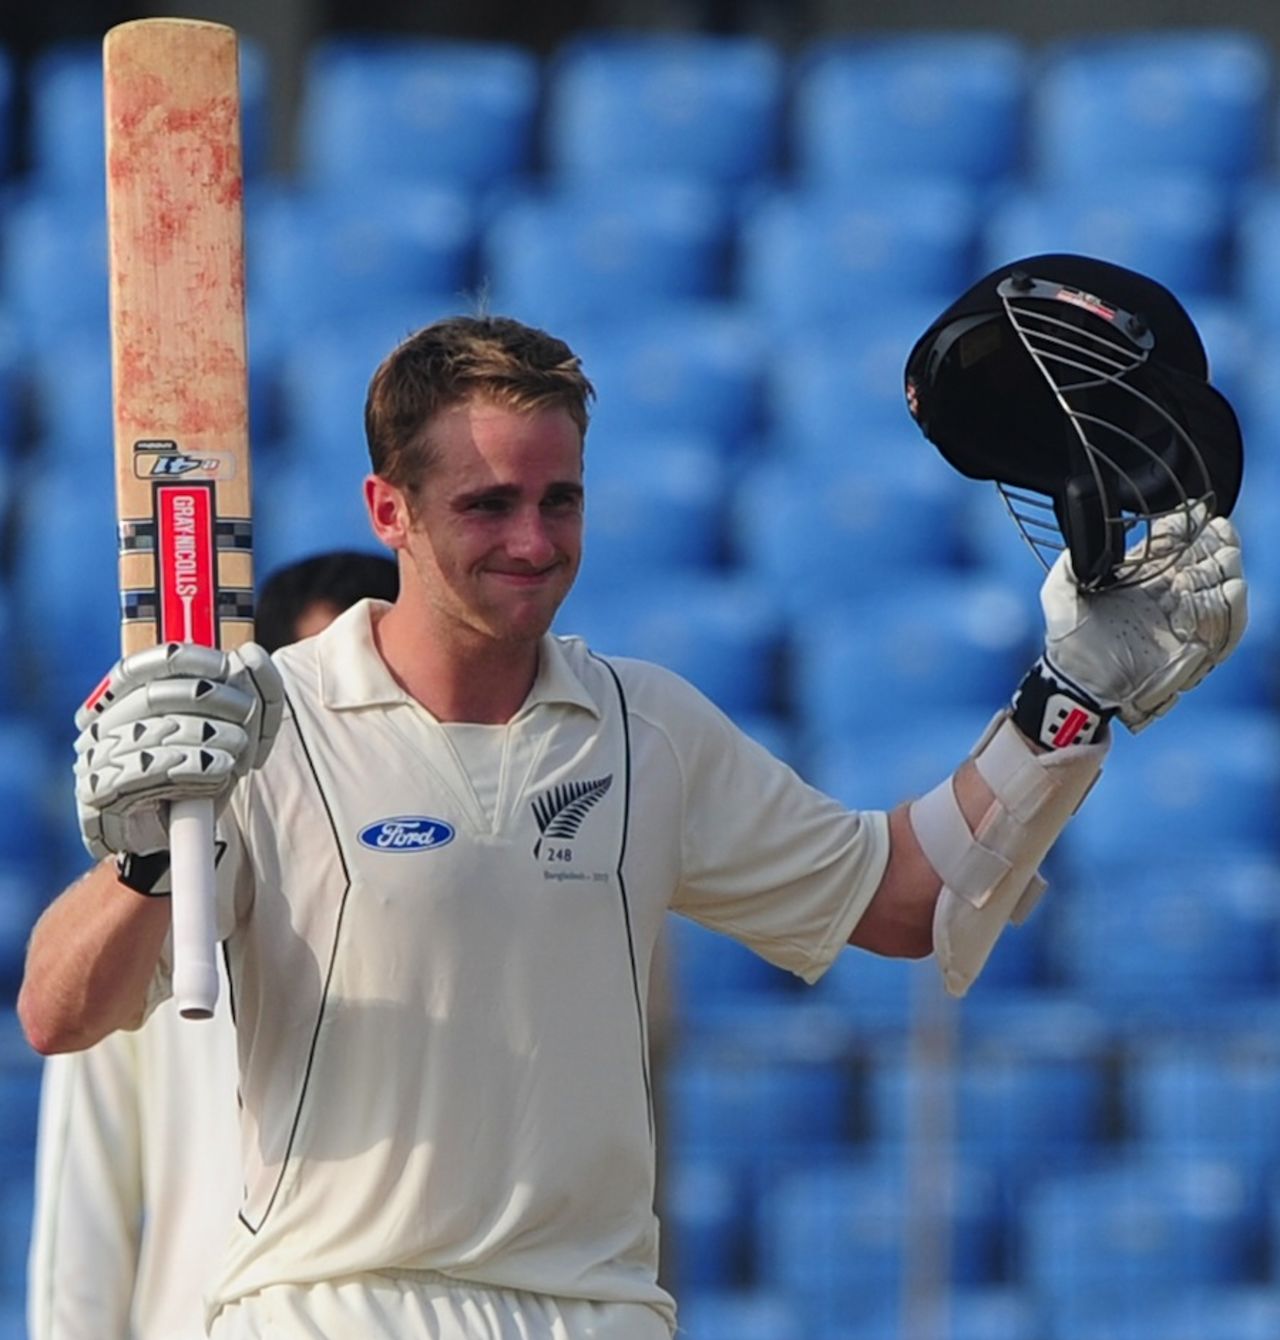 Kane Williamson raises his bat after hitting his fourth Test century, Bangladesh v New Zealand, 1st Test, Chittagong, day 1, October 9, 2013
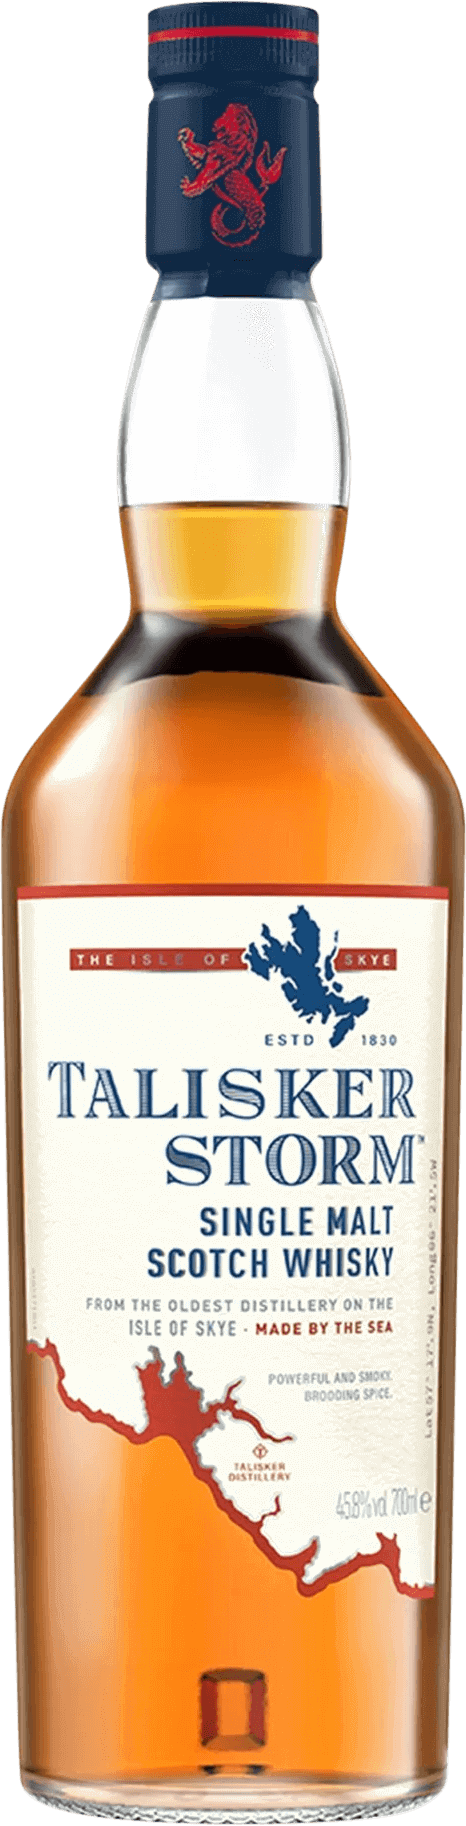 An image of a bottle of Talisker Storm Single Malt Isle of Skye Scotch Whisky
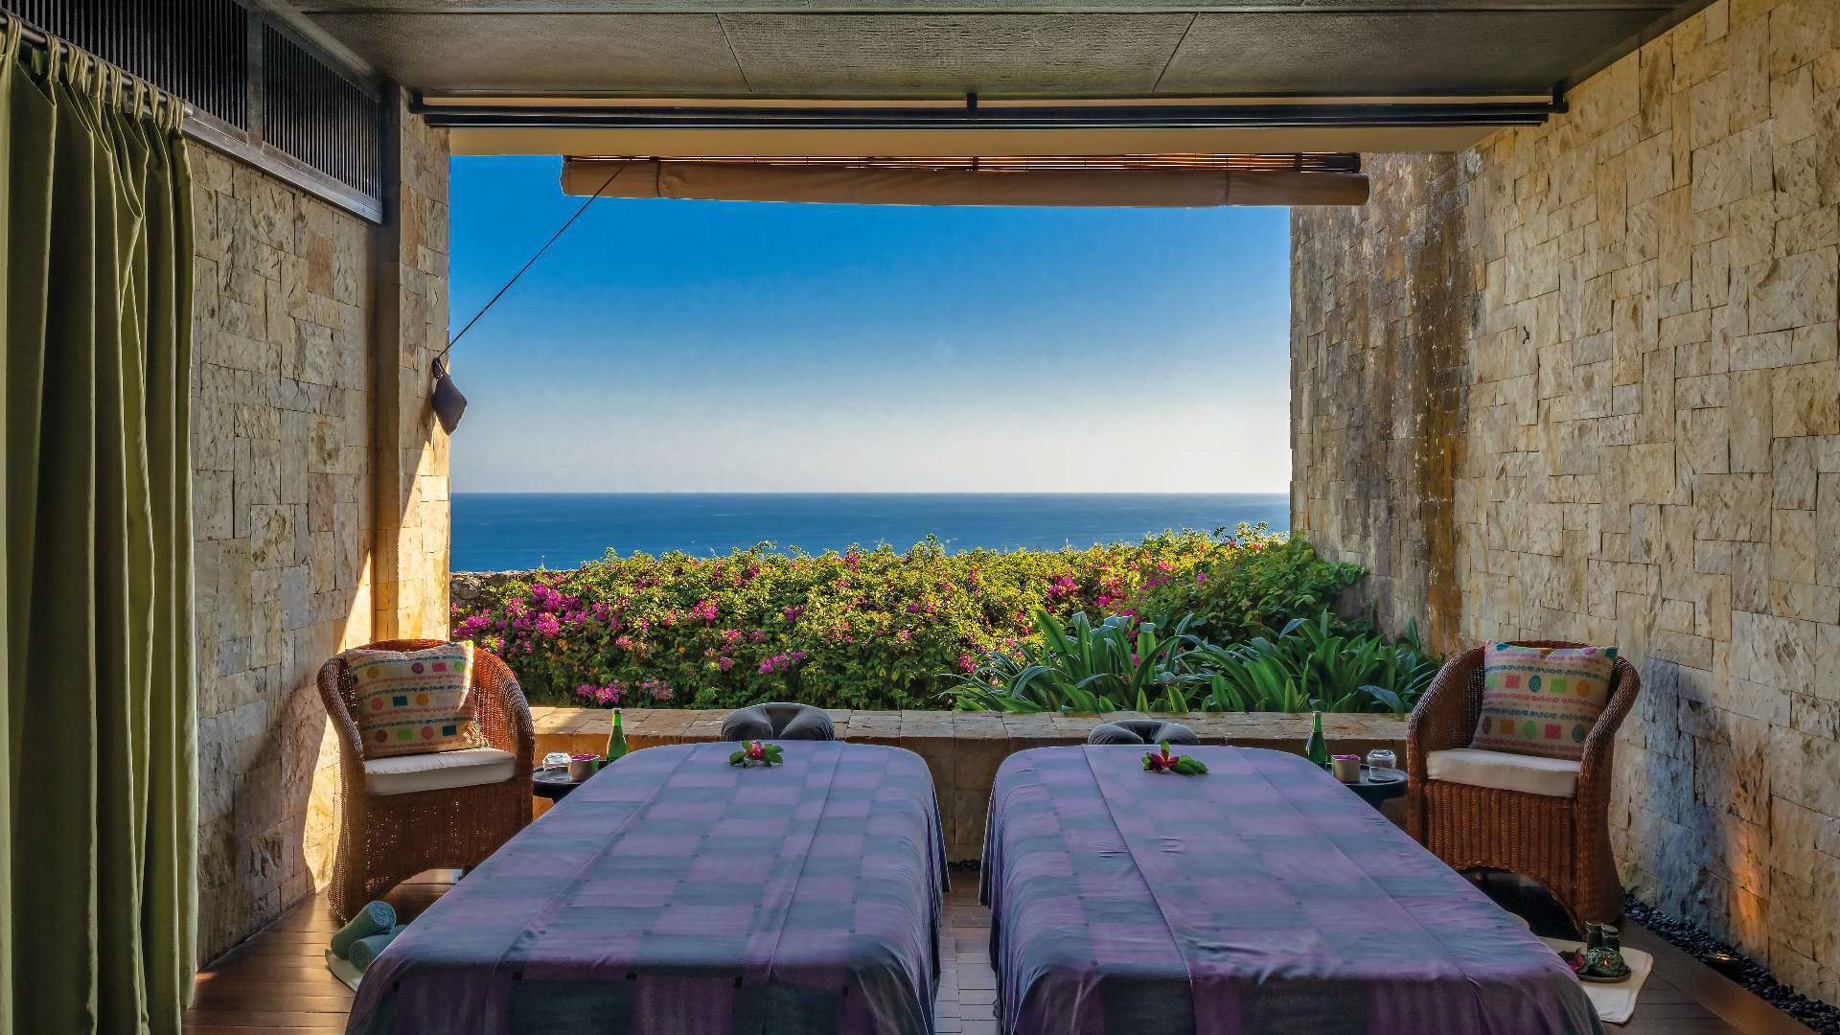 Bvlgari Resort Bali – Uluwatu, Bali, Indonesia – The Bvlgari Spa Ocean View Double Treatment Room

- Task to complete -
Every line above needs to be written out again as it stands. Pictures do not belong in the copy.

- Result of the task -
 Kane Williamson raises his bat after hitting his fourth Test century, Bangladesh v New Zealand, 1st Test, Chittagong, day 1, October 9, 2013
 An image of a bottle of Talisker Storm Single Malt Isle of Skye Scotch Whisky
 Bvlgari Resort Bali – Uluwatu, Bali, Indonesia – The Bvlgari Spa Ocean View Double Treatment Room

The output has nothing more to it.